Here at CV-Library, we are progressively seeing women’s applications for senior roles, suggesting that a gender label shouldn’t be a reason for unequal pay as men and women alike have set their aspirations high in an attempt to advance within their industries.
Deloitte supports the proposals announced by the Prime Minister, to require larger companies to publish their gender pay gap data. It marks another important step towards achieving parity, both in terms of pay but also representation, at all levels within big businesses.
Deloitte’s gender pay gap stands at 17.4%, around 2.3% below the national figure.

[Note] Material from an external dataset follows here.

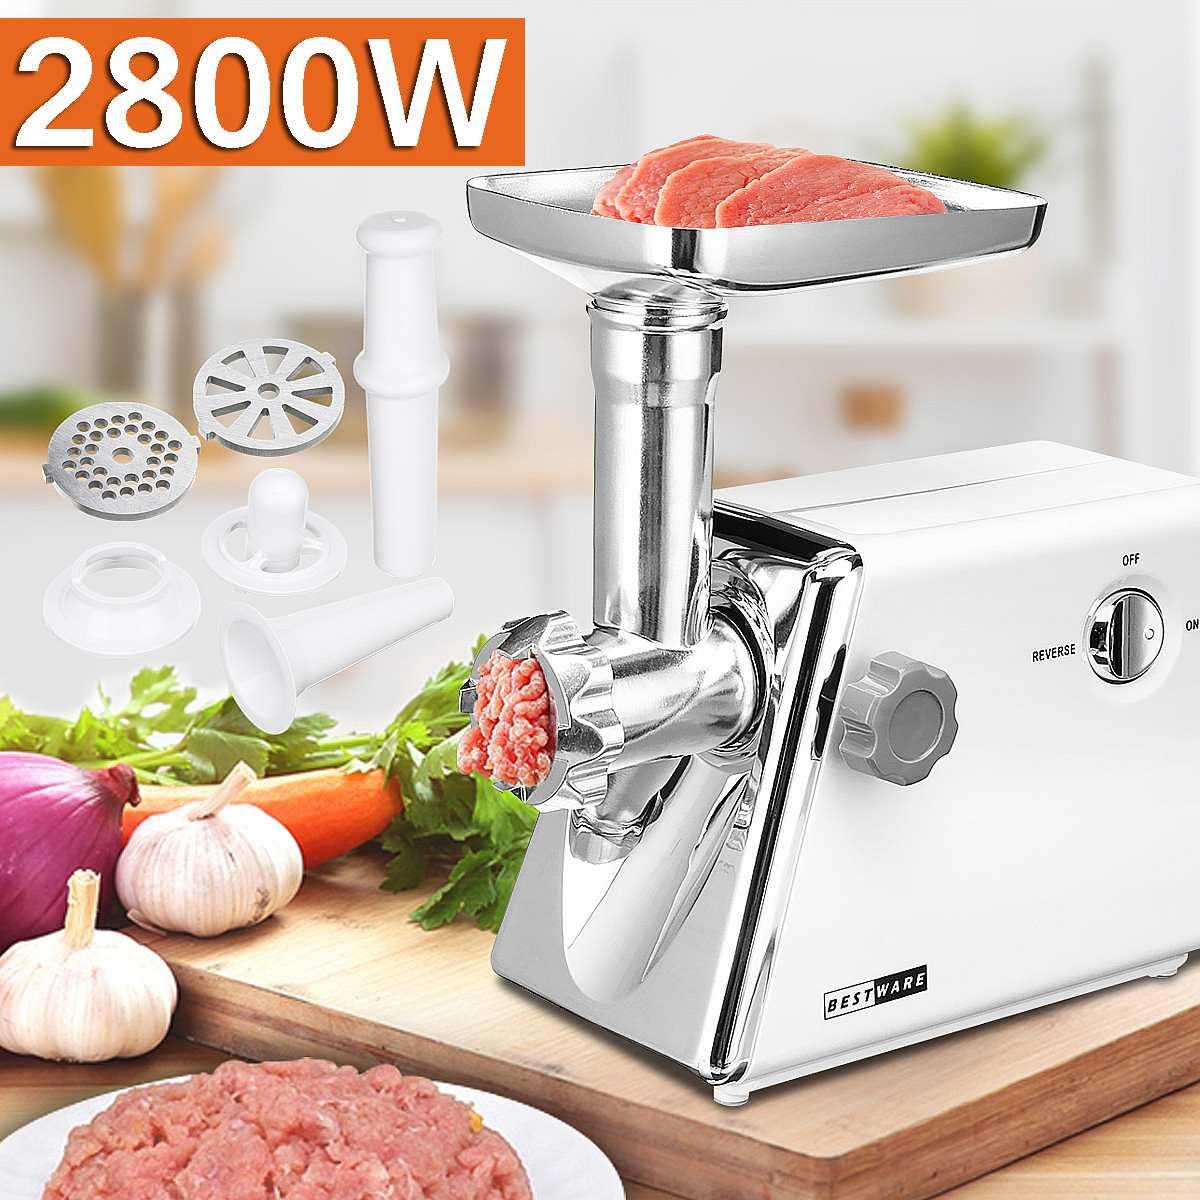 Multifunction 2800W 220V-240V Electric Meat Grinder Sausage Machine Mincer Kitchen Tool 15x34x33cm Three Grinding Plates

However, when looking across the organisation as a whole the pay gap between male and female employees at each grade is significantly lower, at 1.1%.
This illustrates that for Deloitte, the issue is far less about how we pay our people and more about the number of women employed at more senior grades.
We are determined to improve the retention of women within our firm and our representation of women in senior positions. We have an ambition that 25% of our partners will be women by 2020 and in June we announced the promotion of 22 new female partners.
We have also taken a number of steps to support these objectives, most recently introducing a return-to-work initiative designed to support women back into employment.
We believe that without a representative share of senior female employees average pay will never truly equalise. This is something we are working very hard to resolve.
In our view, the pay gap is as much to do with lower numbers of women in more senior roles as it is about women being paid less for the same work. Companies that are serious about improving diversity and eliminating the gender pay gap need to understand that pay is only one part of the equation.
Companies should revisit their approach to promotion and hiring as much as their pay system to ensure that women and men should be represented more equally in all job functions and levels.
To make this happen effectively the business needs to have a proper culture of diversity and inclusion. For too long these different elements of the business have not worked close enough together for this one aim. We hope the Government’s statement will galvanise businesses and their HR departments into action.